Yes, so tracking your macros and having a strength-day split in the week? Yeah, you really need to start doing it. I mean, you don’t need to be annoying about it. You do not (I repeat YOU do not) need to go to a restaurant and constantly check the macros on the pink pasta. But you really need to start lifting weights. Whether that’s resistance bands, light weights, or a full deadlift PR goal- the bottom line is strength training is really the way to not feel like putty in your late twenties or early thirties.
I’ve been the annoying friend in my circle, and I still wear this hat because I cannot shut up about strength training, especially to my female friends. It is the only way you train your muscles to fight against gravity, and those pec muscles is secondary aesthetic comfort. If you are still on the fence about strength training, and still think walking/cardio is the only exercise you need to do, the algorithm has steered you to the right place.
You need to start strength training. Here’s why:
The fear most people have walking into a weight room is that they'll bulk up overnight and wake up looking like a completely different person. This is one of the most persistent myths in fitness (especially for women), and it's done a lot of damage, particularly to women who've been fed the idea that weights equal bulk and cardio equals lean. The truth is that building muscle is genuinely hard work. It takes months, sometimes years, of deliberate effort and eating in a surplus to add significant mass. What strength training actually does in the short term is reshape, it tightens, it lifts, and it fills in places where fat loss alone would just leave you feeling deflated and loose. And guess what? You torch calories when you build muscles. Try a Chloe Ting bodyweight strength training workout. I’ve never seen my abs shiver to a YouTube video.

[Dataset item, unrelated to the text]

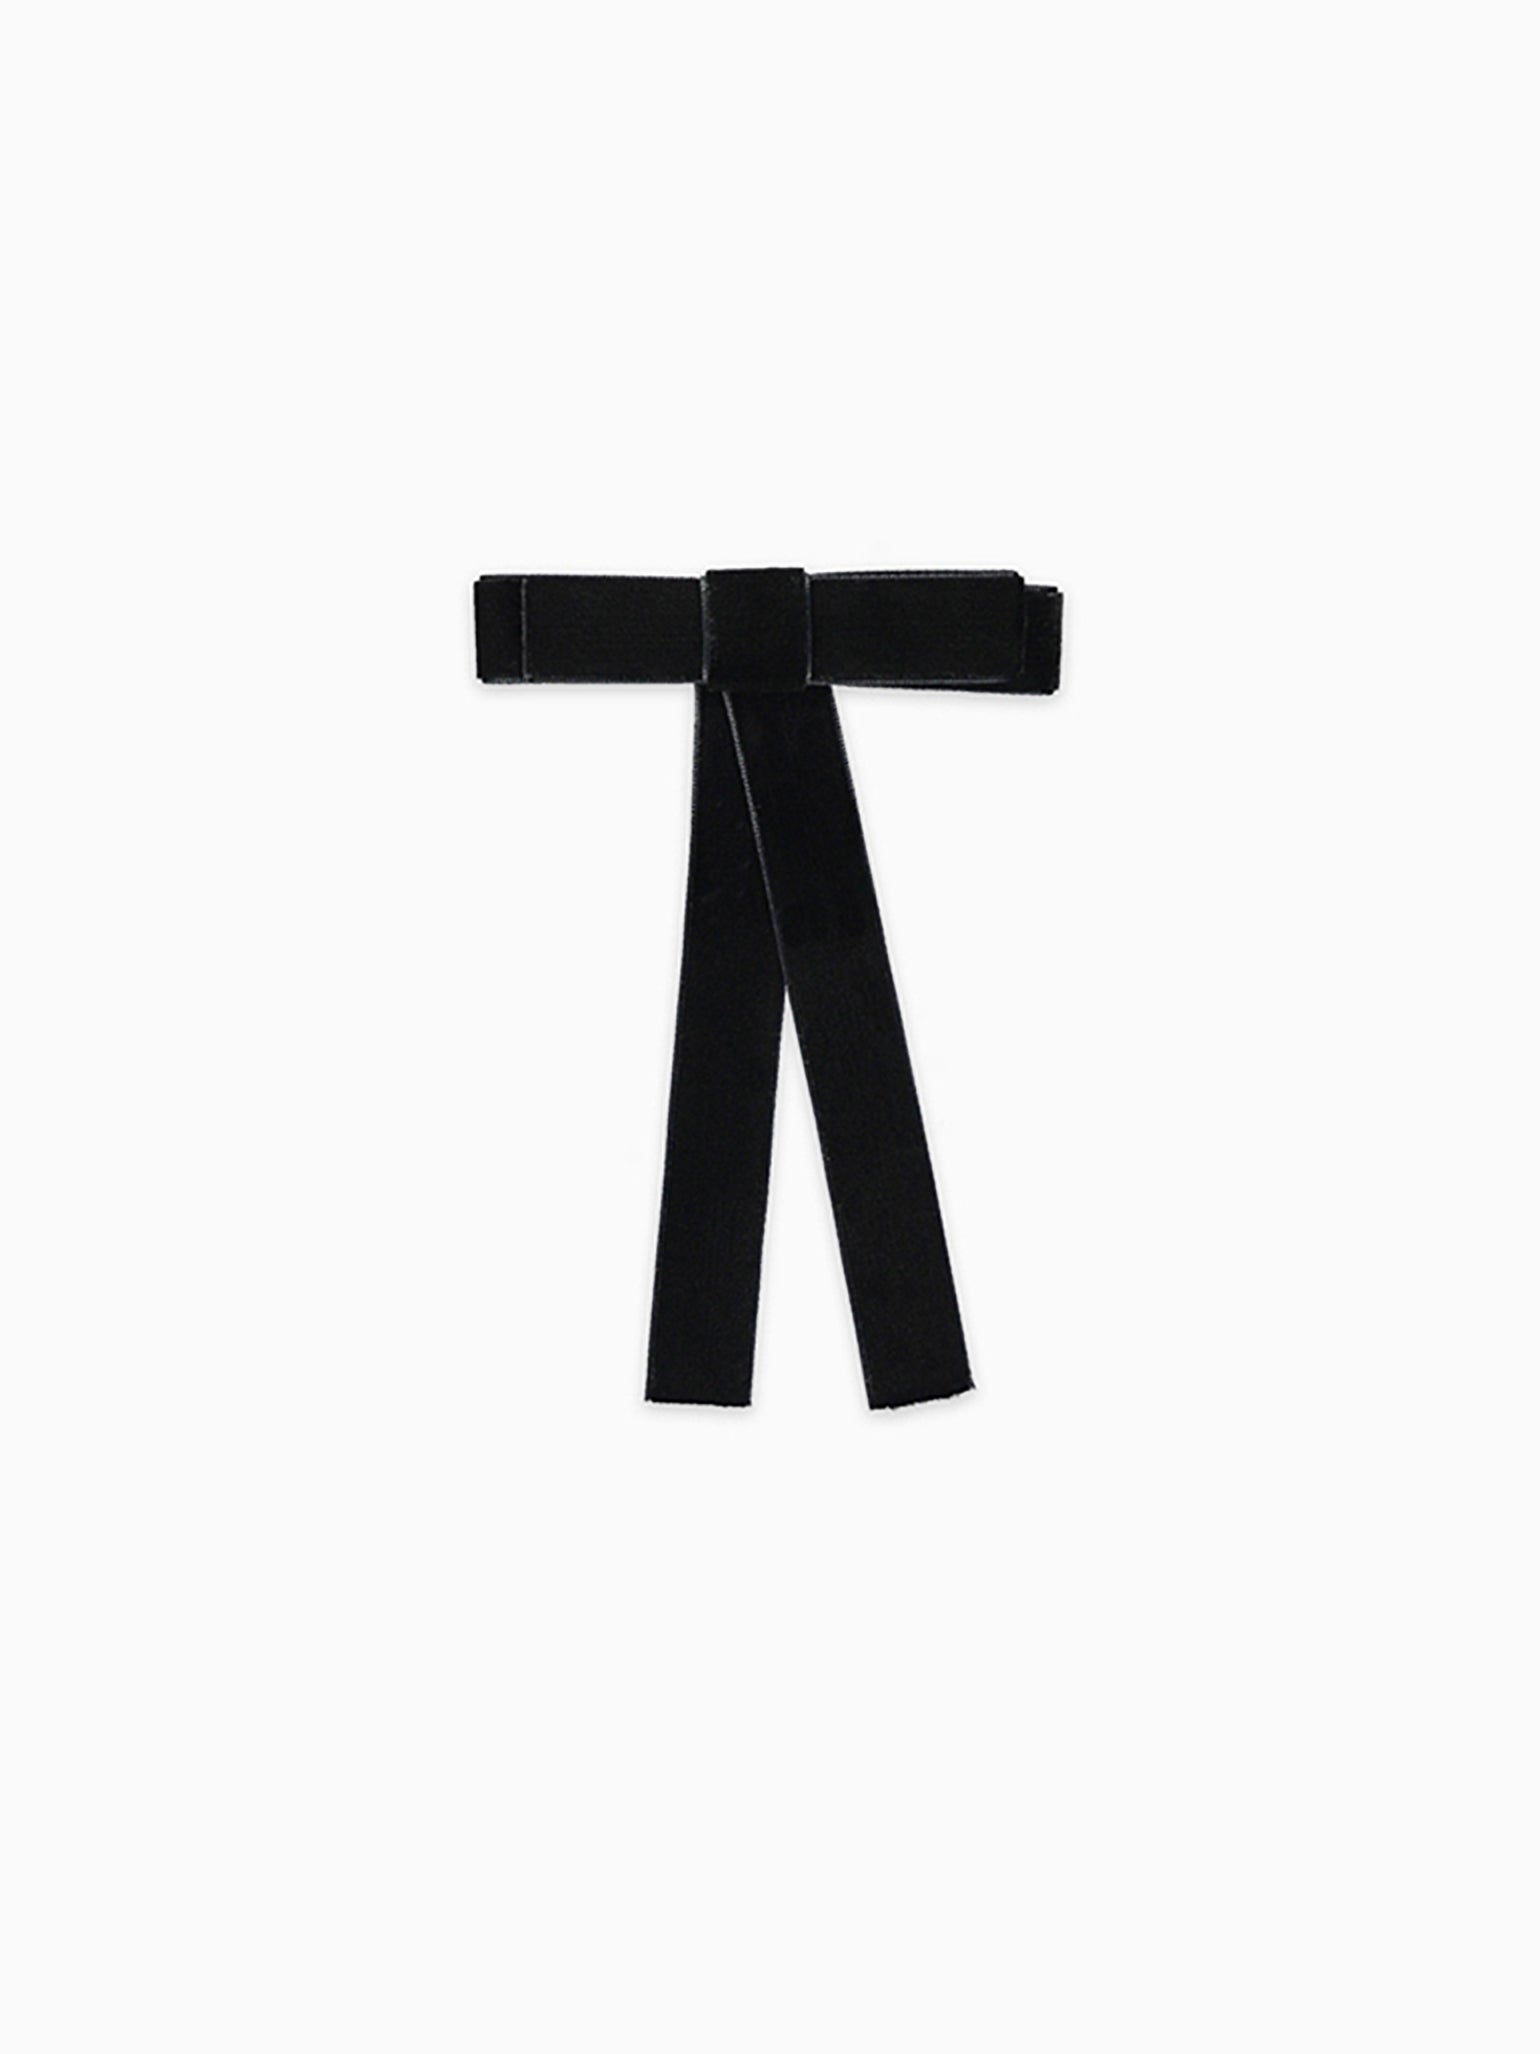 Shop Black Velvet Ribbon 25mm online - Nov 2023

Here's something nobody talks about enough: muscle is metabolically expensive. Your body burns more calories at rest just to maintain them. So the person who has been lifting consistently for a year isn't just stronger; they've essentially upgraded their engine. Their baseline caloric burn is higher, their body composition has shifted, and they didn't have to spend an extra hour on a treadmill to get there. Cardio burns calories during the session. Strength training keeps burning after it. That distinction matters more than most fitness content will ever admit. So yes, Pilates maybe a great starting point for you, but you need to supplement that with lifting actual weight.
Then there's the bone density conversation, which sounds unsexy until you're in your fifties and your doctor is saying words you don't want to hear. Strength training puts stress on your bones, good stress, the kind that signals your body to reinforce and rebuild them. Osteoporosis doesn't announce itself early. It's the thing that catches up with people who spent their twenties and thirties doing exclusively low-impact exercise, thinking they were being kind to their bodies. You are not being kind to your future self by avoiding resistance work. You are just deferring a problem.
And the hormonal piece is real, too. Strength training regulates cortisol, improves insulin sensitivity, and triggers the release of endorphins in a way that's distinctly different from a steady-state run. I can tell you from personal experience that whenever I have the worst day, a banging leg day can turn my entire day around.
Now, let’s get to the point that really matters. The confidence piece is harder to quantify, but it's arguably the most significant one. There's something about you that changes when you realise your body is capable of more than you assumed. The first time you increase your weight, and it moves, the first time a movement clicks that felt awkward for weeks, those moments stack up. You start carrying yourself differently, not because you look different necessarily, but because you've proven something to yourself repeatedly. You've shown up, you've done something challenging, and your body has responded. That feedback loop affects your self-perception in a way that no amount of cardio can replicate, because cardio is about endurance, and endurance teaches you to survive. Strength training teaches you that you are, in fact, strong.
The other thing worth saying plainly is that you do not need to overhaul your entire life to start. You do not need a gym membership, a personal trainer, or a perfect program on day one. You need to pick up something heavier than what you're comfortable with and do it repeatedly. That's it. The optimisation can come later, progressive overload, periodization, all the things the fitness accounts will try to sell you on. But the foundation is just resistance, consistency, and showing up enough times that your body gets the message.
Your muscles are waiting. They respond faster than you think.